I have 8,000 rows of 145 features to be pruned by RFECV, and 6 C-Values to be pruned by GridSearchCV. So for each C-Value, the best feature set is determined by the RFECV.
Thanks!
Update:
So I put the StandardScaler inside the RFECV like this:
clf = SVC(kernel='linear')
kf = KFold(n_splits=3, shuffle=True, random_state=0)
estimators = [('standardize' , StandardScaler()),
('clf', clf)]
class Mypipeline(Pipeline):
#property
def coef_(self):
return self._final_estimator.coef_
#property
def feature_importances_(self):
return self._final_estimator.feature_importances_
pipeline = Mypipeline(estimators)
rfecv = RFECV(estimator=pipeline, cv=kf, scoring='f1', verbose=10)

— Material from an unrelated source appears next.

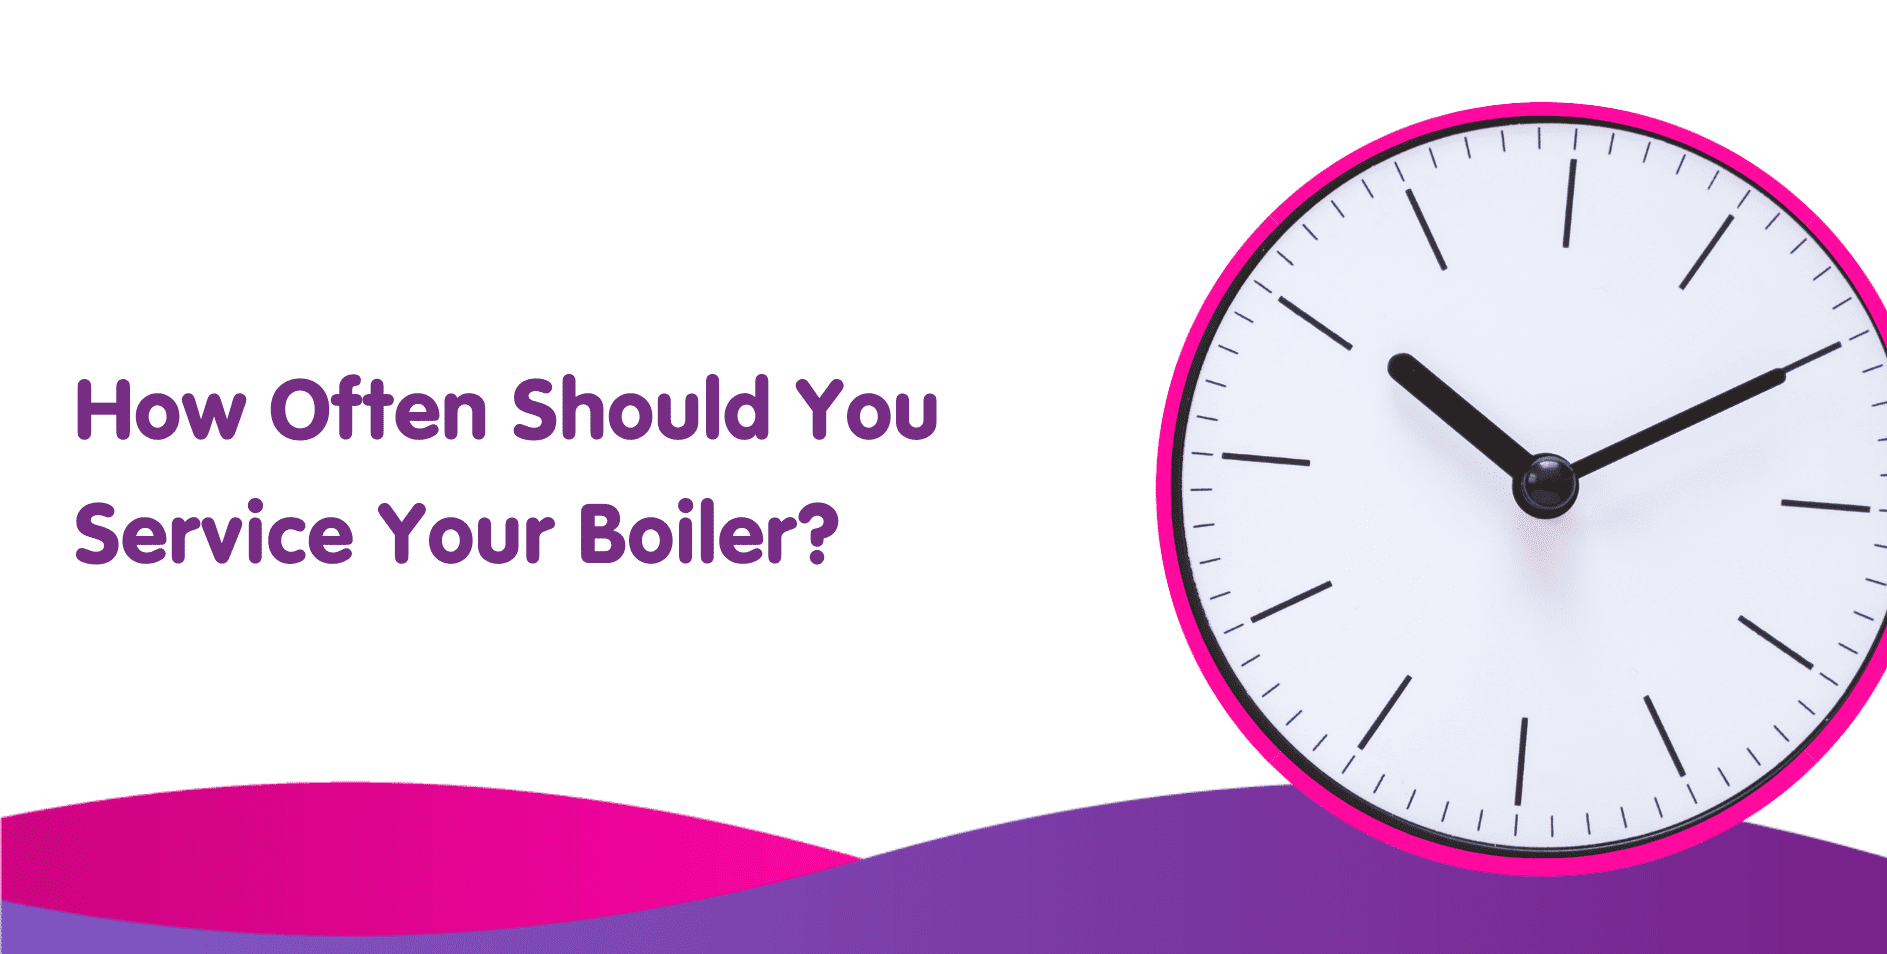 How Often Should You Service Your Boiler?

param_grid = [{'estimator__svc__C': [0.001, 0.01, 0.1, 1, 10, 100]}]
clf = GridSearchCV(rfecv, param_grid, cv=3, scoring='f1', verbose=10)
But it still throws out the following error:
ValueError: Invalid parameter C for estimator Pipeline(memory=None,
steps=[('standardscaler', StandardScaler(copy=True, with_mean=True, >with_std=True)), ('svc', SVC(C=1.0, cache_size=200, class_weight=None, >coef0=0.0,
decision_function_shape='ovr', degree=3, gamma='auto', kernel='linear',
max_iter=-1, probability=False, random_state=None, shrinking=True,
tol=0.001, verbose=False))]). Check the list of available parameters with >estimator.get_params().keys().
Kumar is right. Also, what You might want to do, turn on verbose in the GridSearchCV. Also, You could add a limit to the number of iterations of the SVC, starting from a very small number, like 5, just to make sure that the problem is not with the convergence.